Rivers served as an advisor to Presidents George H.W. Bush in urban issues.  He has appeared on national television shows, including Hardball with Chris Matthews with Michael Rogers defending Rick Warren. He was featured on the cover of Newsweek Magazine in 1998, and he was written about in Commonwealth Magazine 1999. He is also an adviser to Bishop Charles Blake for Save Africa's Children. His wife, Jacqueline Rivers, did her PhD at Harvard University under the tutelage of Orlando Patterson.

Rivers' essay The Responsibility of Black Intellectuals in the Age of Crack published under the new editorship of Joshua Cohen in the Boston Review led to extensive debate in and around intellectual circles in New England.

References

External links
Ryan Sorba and Dinesh D'Souza Discuss the Side-Effects of Social Programs...and expand on River's words
Boston Phoenix: Eugene Rivers’s moment: Under fire for challenging Jesse Jackson, the street minister says the real challenge is to work with the Bushies in crafting a new, post-civil-rights agenda Date of publication uncertain
Christianity Today. Feb. 5, 1996, CT Classic: Separate and Equal - Martin Luther King dreamed of an integrated society.
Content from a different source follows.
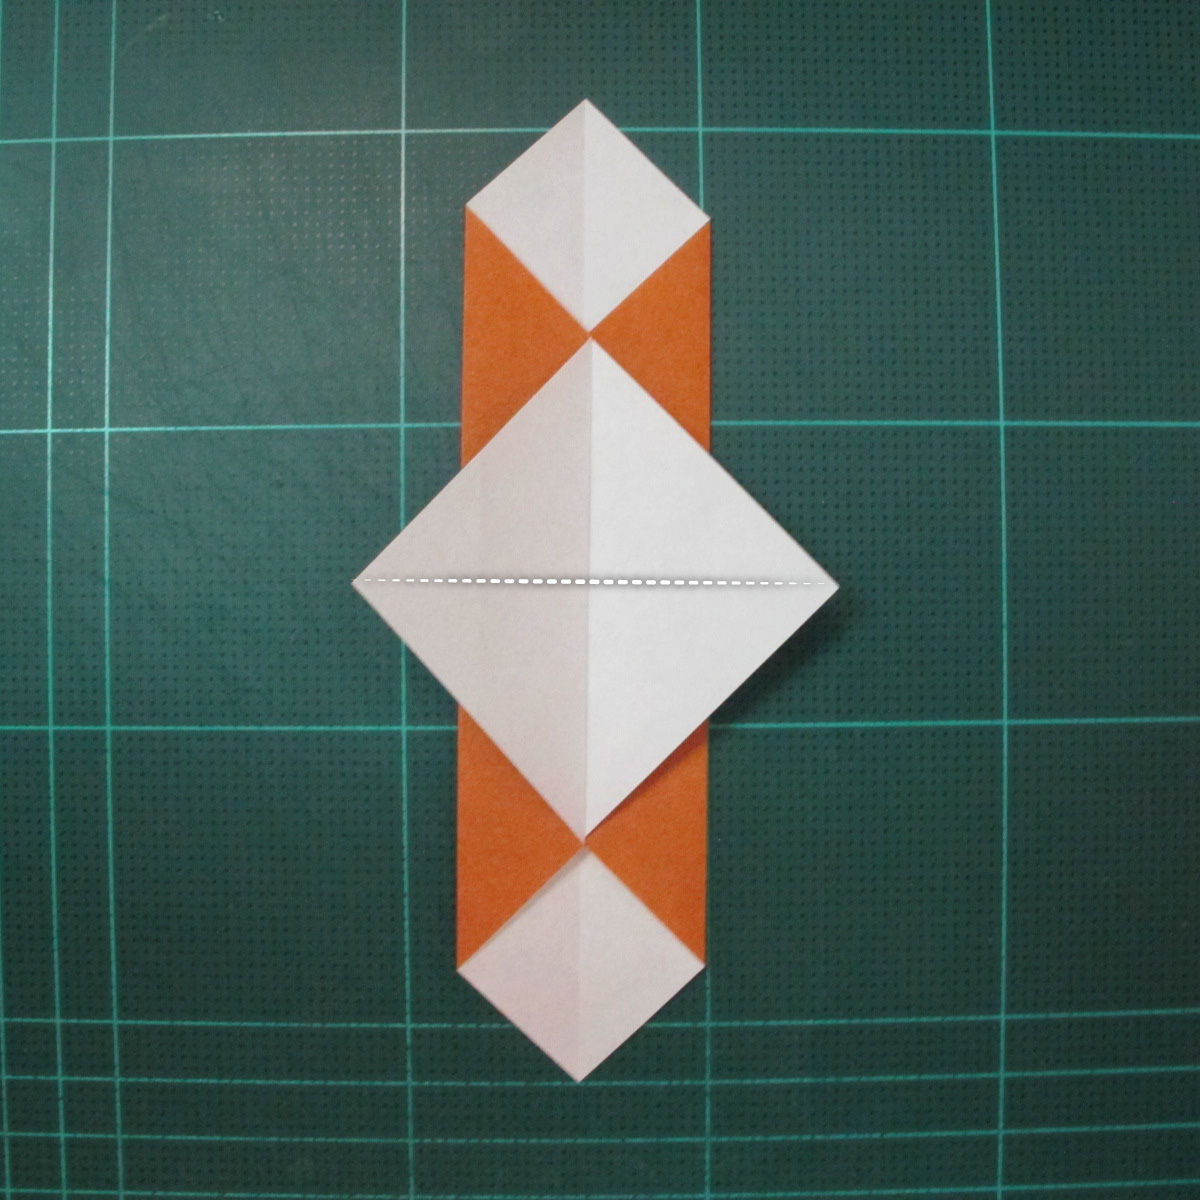 วิธีพับกระดาษเป็นที่คั่นหนังสือรูปหมาบูลด็อก (Origami Bulldog Bookmark) 004
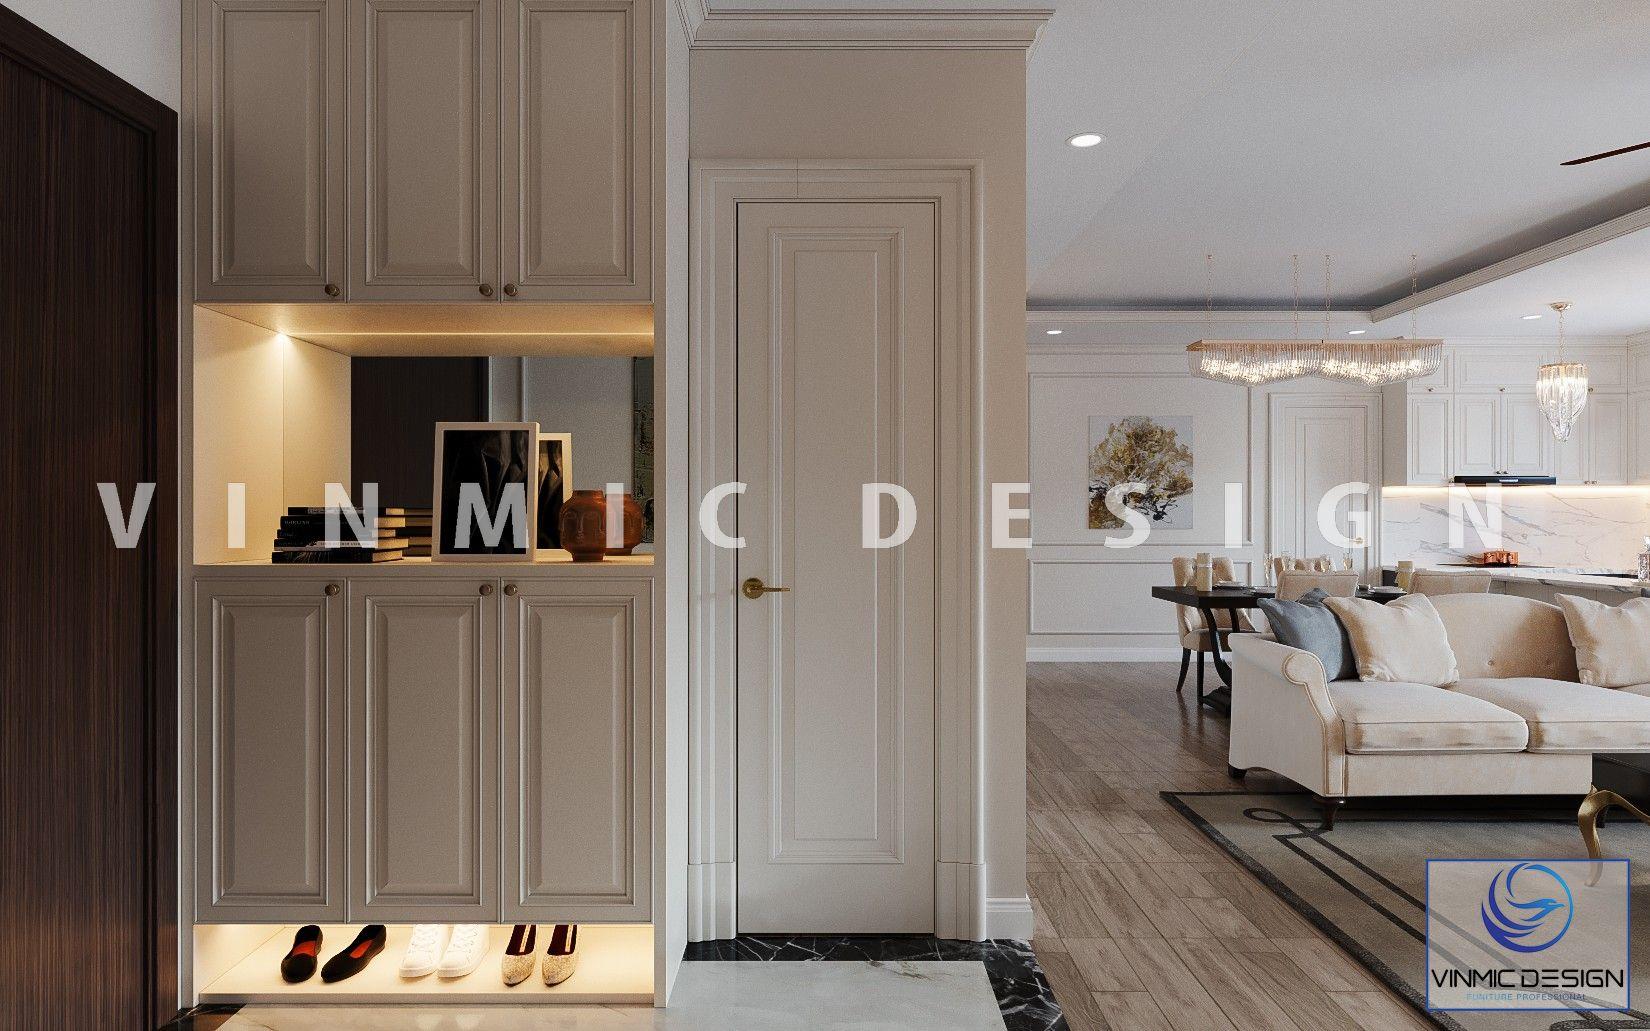 Thiết kế tủ giày đẹp cho căn hộ phong cách tân cổ điển tại Imperia Sky Garden

Boston minister Eugene Rivers thinks it was the wrong dream, by Wendy Murray Zoba
Religion and Ethnics Newsweekly, November 11, 2005, Episode no. 911: Lucky Severson's interview with the Reverend Eugene Rivers in Boston, Massachusetts
The Boston Phoenix, July 17 - 24, 1997 - The Future of Boston - The Reverend Eugene Rivers
The Boston Strategy to Prevent Youth Violence - Reverend Eugene Rivers

American Pentecostals
Living people
African-American activists
African-American Christian clergy
American Christian clergy
Year of birth missing (living people)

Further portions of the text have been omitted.